As mentioned in another question: What I often miss is the fact, that most websites could increase their speed enormously by optimizing their frontend, not their backend. Have a look at this superb list about speeding up your frontend # yahoo.com:
Minimize HTTP Requests
Use a Content Delivery Network
Add an Expires or a Cache-Control Header
Gzip Components
Put Stylesheets at the Top
Put Scripts at the Bottom
Avoid CSS Expressions
Make JavaScript and CSS External
Reduce DNS Lookups
Minify JavaScript and CSS
Avoid Redirects
Remove Duplicate Scripts
Configure ETags
Make Ajax Cacheable
Flush the Buffer Early
Use GET for AJAX Requests
Post-load Components
Preload Components
Reduce the Number of DOM Elements
Split Components Across Domains
Minimize the Number of iframes
No 404s
Reduce Cookie Size
Use Cookie-free Domains for Components
Minimize DOM Access
Develop Smart Event Handlers
Choose < link> over #import
Avoid Filters
Optimize Images
Optimize CSS Sprites
Don't Scale Images in HTML
Make favicon.ico Small and Cacheable
Keep Components under 25K
Pack Components into a Multipart Document
5-15 milliseconds is totally acceptable as a page generation time. But what matters most is how well your system performs with many people accessing your content at the same time. So you need to test your system under a heavy load, and see how well it scales.

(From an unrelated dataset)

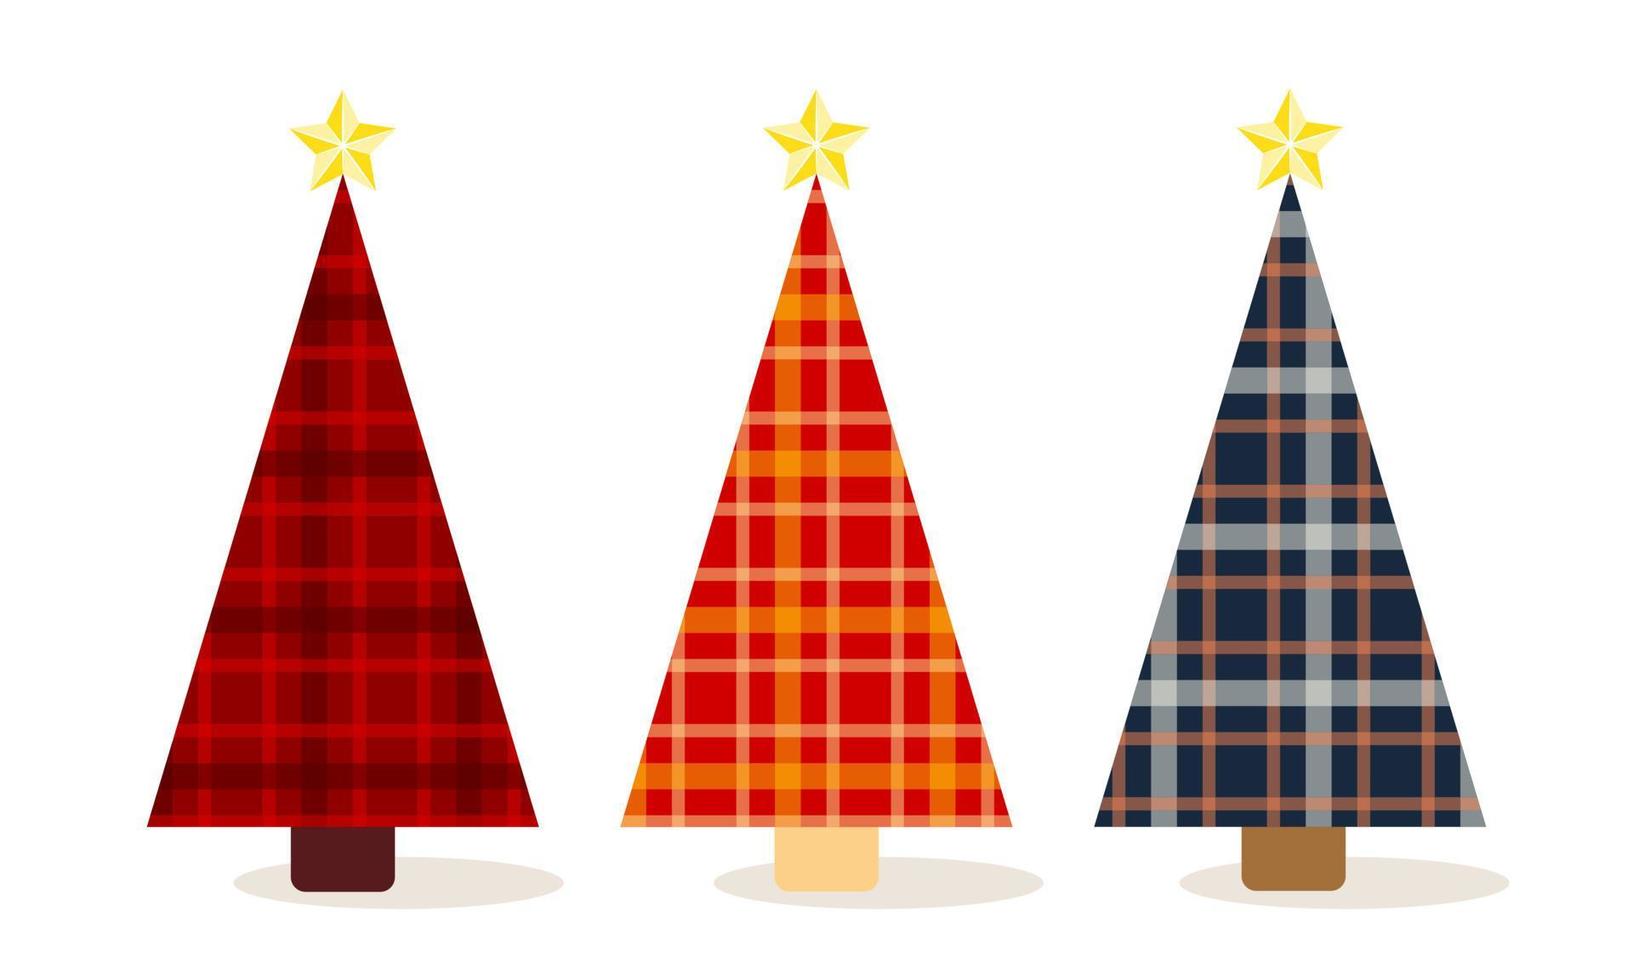 ilustração de clipart com árvores de natal geométricas simples em textura xadrez em fundo isolado. design para decoração de casa de natal, saudações de férias, presentes e celebração de natal e ano novo. vetor

About tuning, setting up a clever cache policy is often more efficient than tuning MySQL, especially when your database and your http server are on different machines. There are very good Qs and As about cache on StackOverflow, if you need advices on that topic (I like that one, maybe because I wrote it :)
It depends on a few factors. The most important is how much traffic you're expecting the site to get.
If your site is going to be fairly low traffic (maybe 1,000,000 page views per day - an average of around 11 per second), it should be fine. You'll want to test this - use an HTTP benchmarking tool to run lots of requests in parallel, and see what kind of results you get.
Remember that the more parallel requests you're handling, the longer each request will take. The important numbers are how many parallel requests you can handle before the average time becomes unacceptable, and the rate at which you can handle requests.
Taking that 1,000,000 views per day example - you want to be able to handle far more than 11 requests per second. Likely at least 20, and at least 10 parallel requests.
You also want to test this with a representative dataset. There's no point benchmarking a CMS with one page, if you're expecting to have 100. Take your best estimate, double it, and test with a data set at least that large.
As long as you're not doing something stupid in your code, the single biggest improvement you can make is caching. If you make sure to set up appropriate caching headers, you can stick a reverse proxy (such as Squid) in front of your webserver. Squid will serve anything that's in it's cache directly, leaving your PHP application to handle only unique or updated page requests.